The Panel was Part of ICAP’s World AIDS Day Symposium

December 1, 2009 — To mark World AIDS Day 2009, President Bill Clinton, founder of the William J. Clinton Foundation, took part in a featured panel discussion today entitled “Awareness, Access, Action: The Global and Domestic State of AIDS” co-hosted by the International Center for AIDS Care and Treatment Programs (ICAP) at Columbia University’s Mailman School of Public Health and the Clinton Foundation. Stephen Lewis, co-Director of AIDS-Free World, served as moderator of the panel, which was attended by more than 1,000. The event was part of an all-day symposium sponsored by ICAP on HIVand global health systems.

In addition to President Clinton, other panelists included ICAP Director Wafaa El-Sadr, C. Virginia Fields, President and CEO of the National Black Leadership Commission on AIDS, and Kali Lindsey, Senior Director for Federal Policy for the Harlem United Community AIDS Center, Inc.

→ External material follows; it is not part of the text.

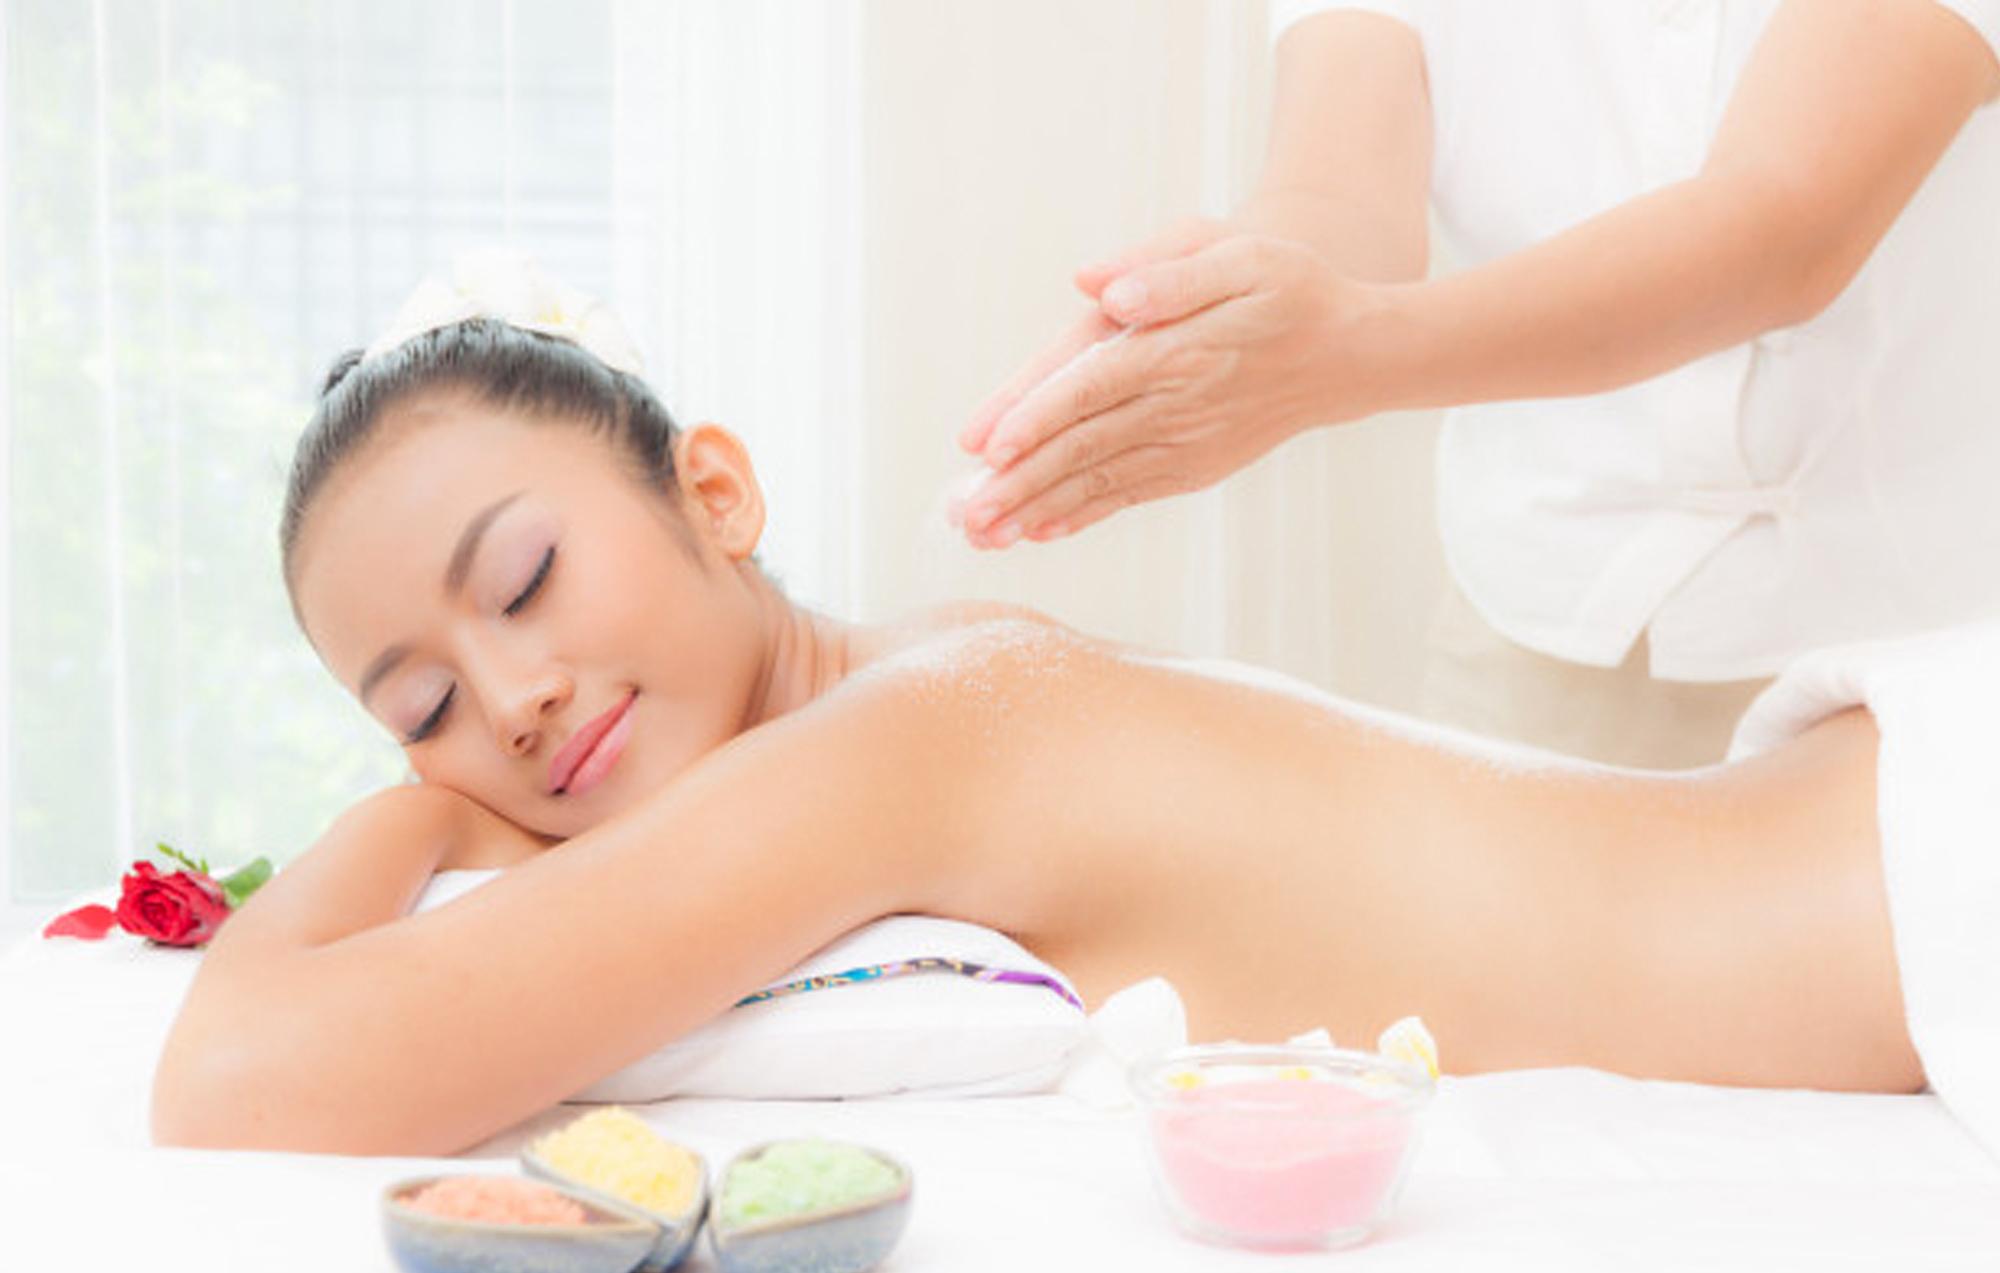 Acondicionador corporal, la tendencia que triunfa en IG para hidratar nuestra piel

Columbia University President Lee Bollinger welcomed attendees and distinguished panelists, and Linda P. Fried, Dean of the Mailman School of Public Health, offered closing remarks.

“Despite the great progress we’ve made in our global fight to end HIV/AIDS, in recent years, the Centers for Disease Control has estimated that the crisis in the United States is worse than we previously thought, and the UN reports this year that the number of new HIV infections worldwide is more than double the number of those on treatment,” President Clinton said. “I am pleased to co-host this important panel to discuss what access means today — education and awareness, prevention and testing, and medicines and health care — and what businesses, governments, and civil society can do to help. In 2010, no one, no matter where they live or how much money they have, should lose a loved one to this terrible, but preventable and treatable disease.”

Since 2002, President Clinton and the Clinton Foundation have assisted countries in implementing large-scale, integrated care, treatment, and prevention programs. In addition, the Clinton Foundation works to lower prices of essential medicines and diagnostics. Today, two million people are receiving lifesaving treatments purchased under Clinton Foundation negotiated agreements.

This featured panel was part of a World AIDS Day symposium sponsored by ICAP. Entitled “HIV Scale-Up and Global Health Systems,” the symposium explored the rapid expansion of HIV/AIDS programs, and their impact on the health systems of resource-limited countries. Topics included leveraging HIV programs to support other chronic disease initiatives, the impact of HIV scale-up on women’s health and rights, and the future of HIV funding. Panelists from government, academia, the World Bank, UNICEF, and Rockefeller Foundation took part in the day-long event.

“While the global response to the HIV/AIDS epidemic has enabled millions around the world to gain access to care and treatment, so many more desperately need these life-saving services,” said Dr. El-Sadr, also Professor of Medicine and Epidemiology, at Columbia University. “The response to this epidemic also offers a unique opportunity to transform global health systems to respond to other health threats. The distinguished participants at today’s symposium enabled a meaningful discussion on accomplishments to date, as well as innovative ways to achieve long-term health and well-being of people around the world.”

Other symposium speakers included: Peter Berman (Lead Health Economist at the World Bank), Mickey Chopra (Chief of Health at UNICEF), Pamela Collins (Director of the Office for Global Mental Health at the National Institutes of Mental Health), Mark Dybul (Georgetown University), Sherry Glied (Columbia University, Mailman School of Public Health), Gregg Gonsalves (Founder, International Treatment Preparedness Coalition), Lynn Freedman (Columbia University, Mailman School of Public Health), Ariel Pablos-Mendez (Managing Director at the Rockefeller Foundation), Jeremy Shiffman (Syracuse University), Nandini Oomman (Director, HIV/AIDS Monitor, Center for Global Development), and others.

The symposium was partially supported by the Rockefeller Foundation.